REQUIREMENT: Copy the listing that follows exactly. Its pictures do not belong in the copy.

--- GIVEN INFORMATION ---

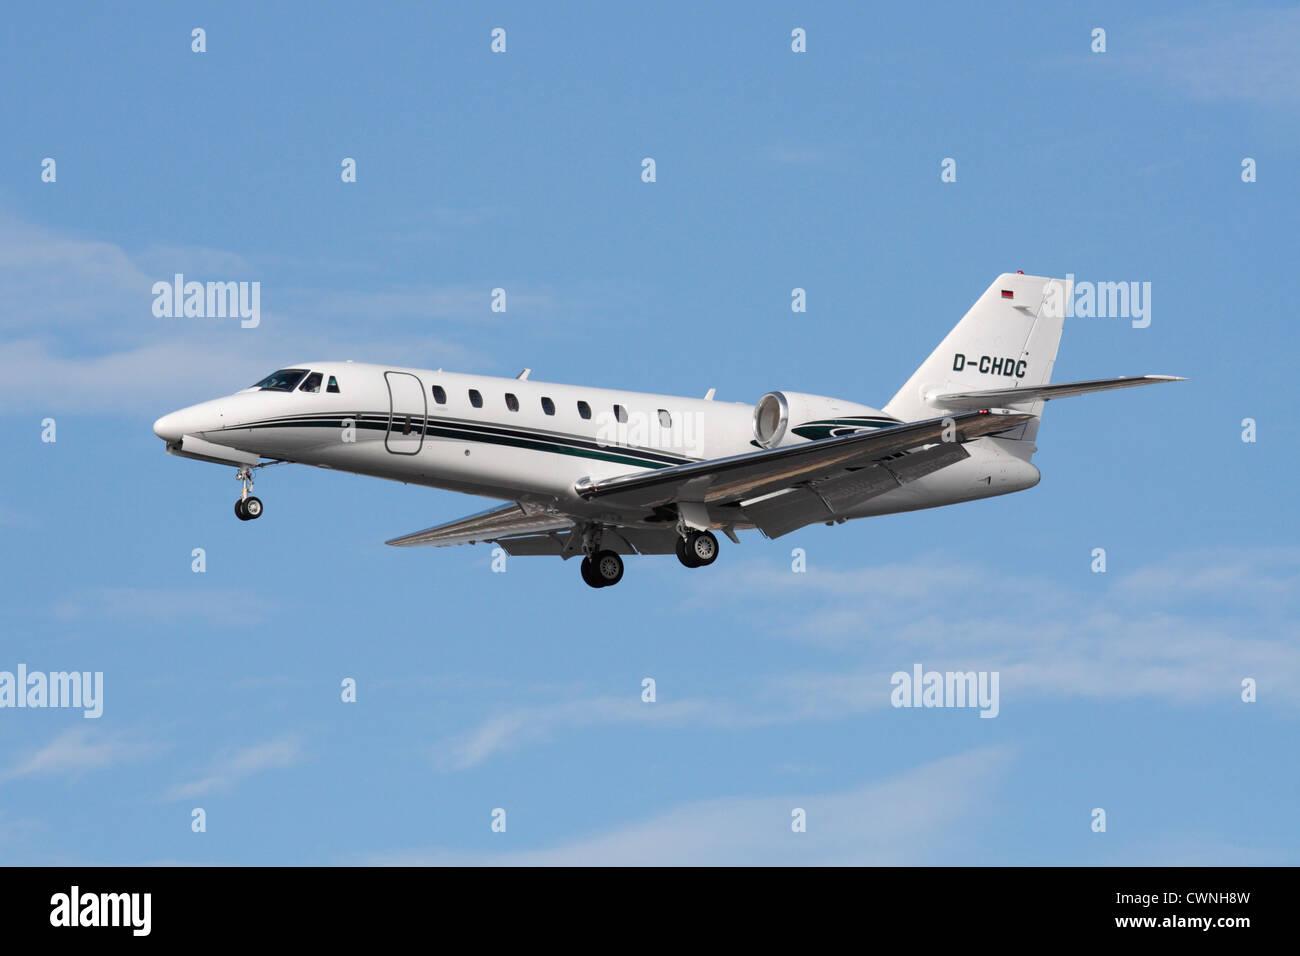 L'aviation d'affaires. 680 Cessna Citation jet privé souverain en approche Photo Stock
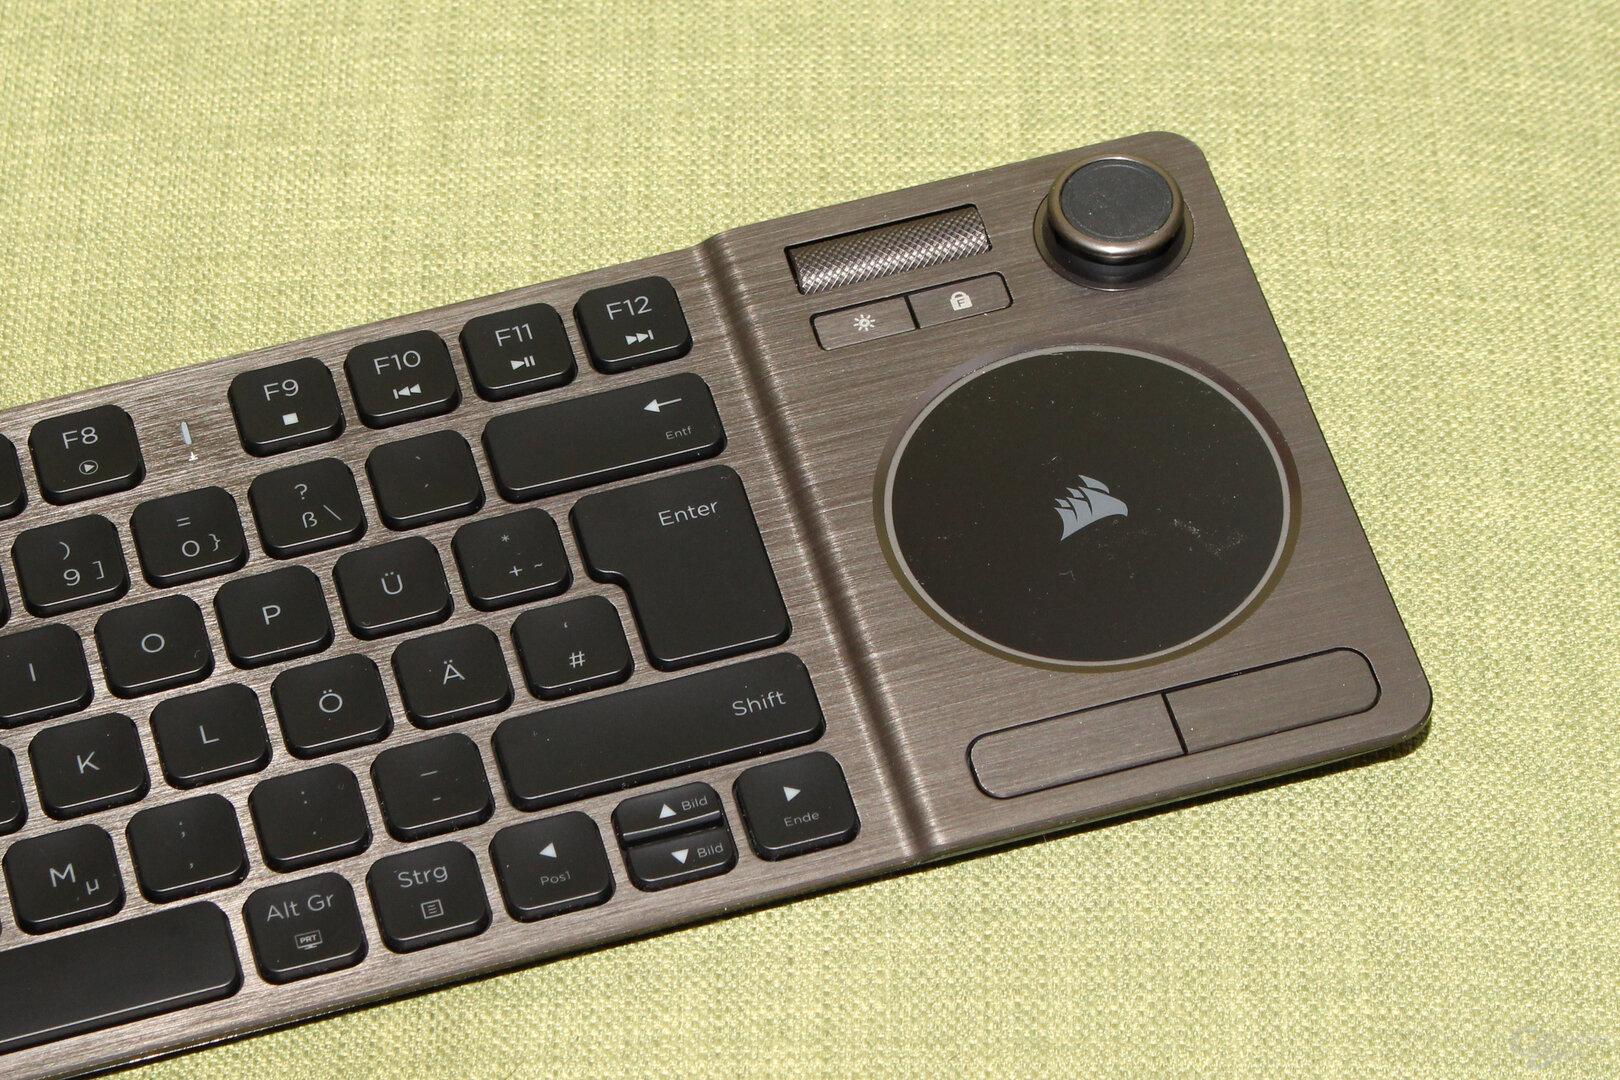 Rechts sind Touchpad, Medientasten und Joystick angeordnet
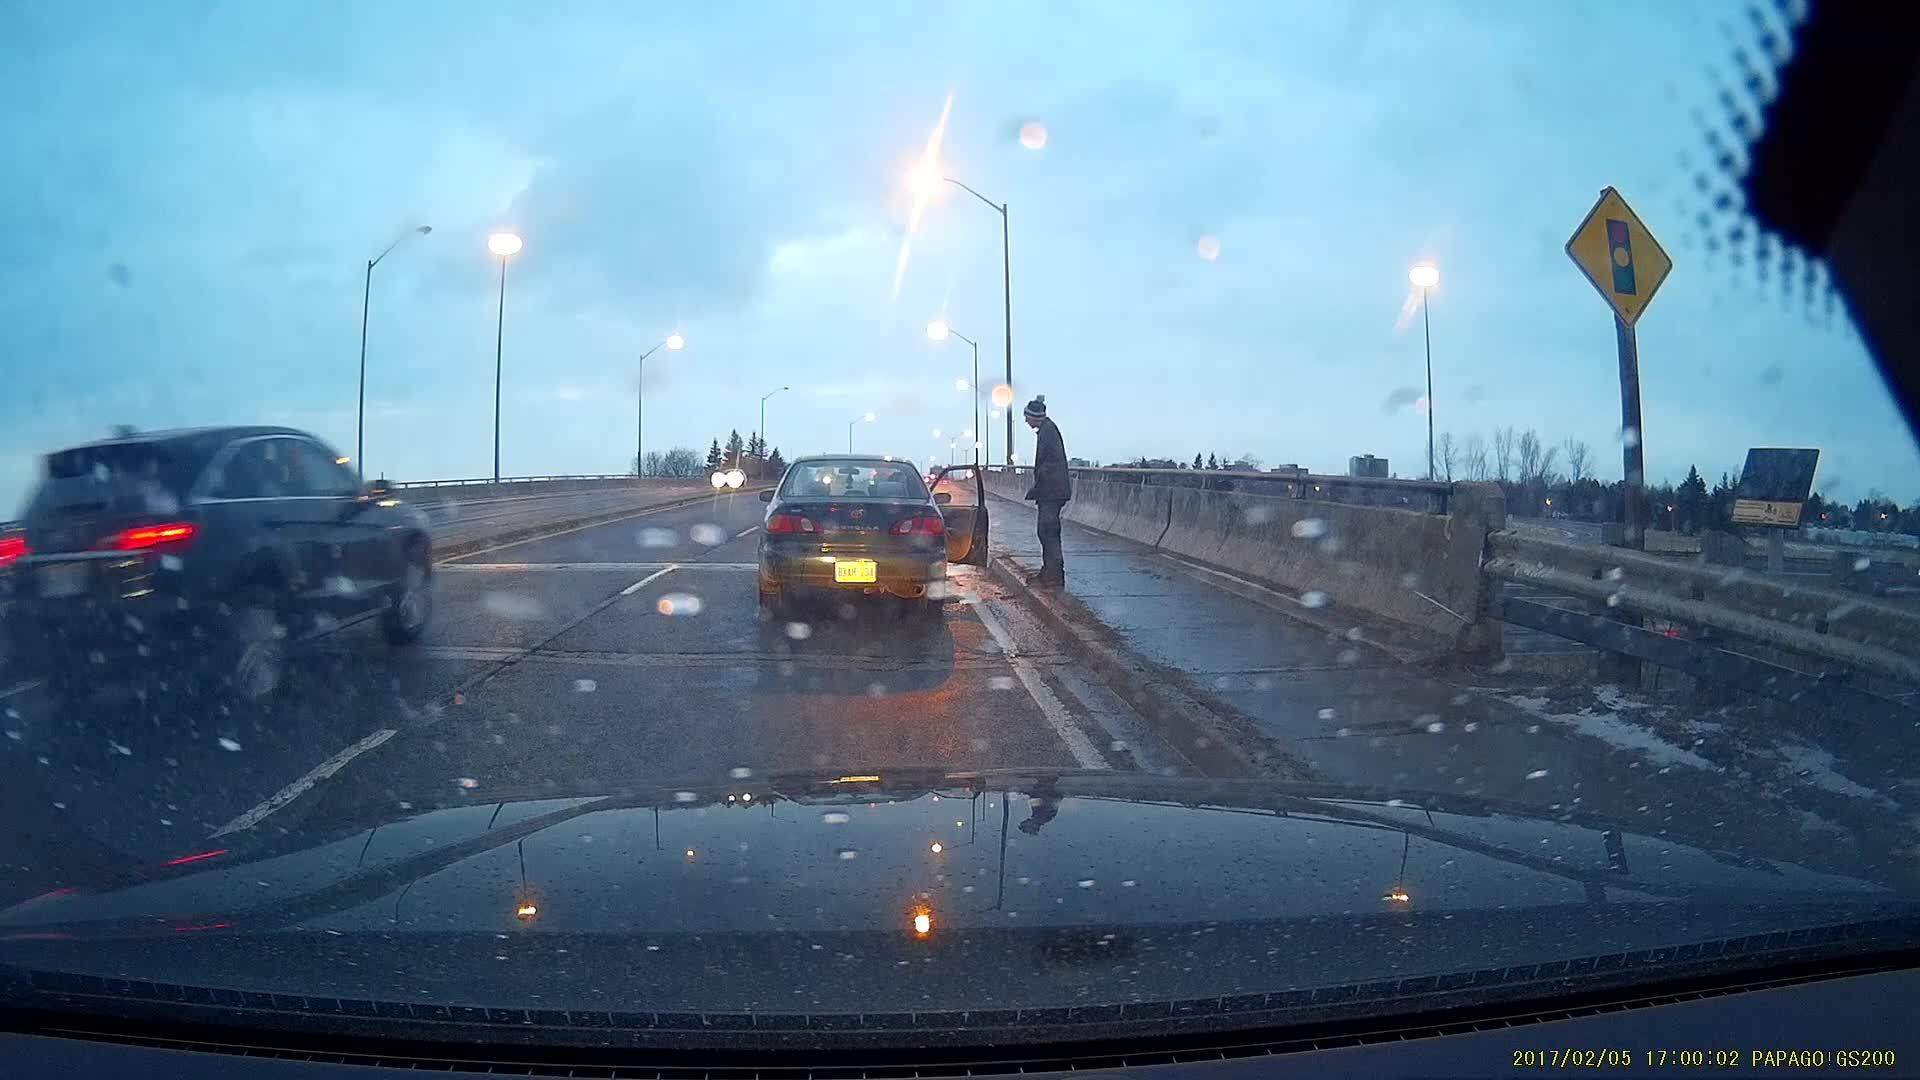 Sjåfør nær ved å meie ned fotgjenger

---

EXERCISE OUTPUT:
 L'aviation d'affaires. 680 Cessna Citation jet privé souverain en approche Photo Stock
 Rechts sind Touchpad, Medientasten und Joystick angeordnet
 Sjåfør nær ved å meie ned fotgjenger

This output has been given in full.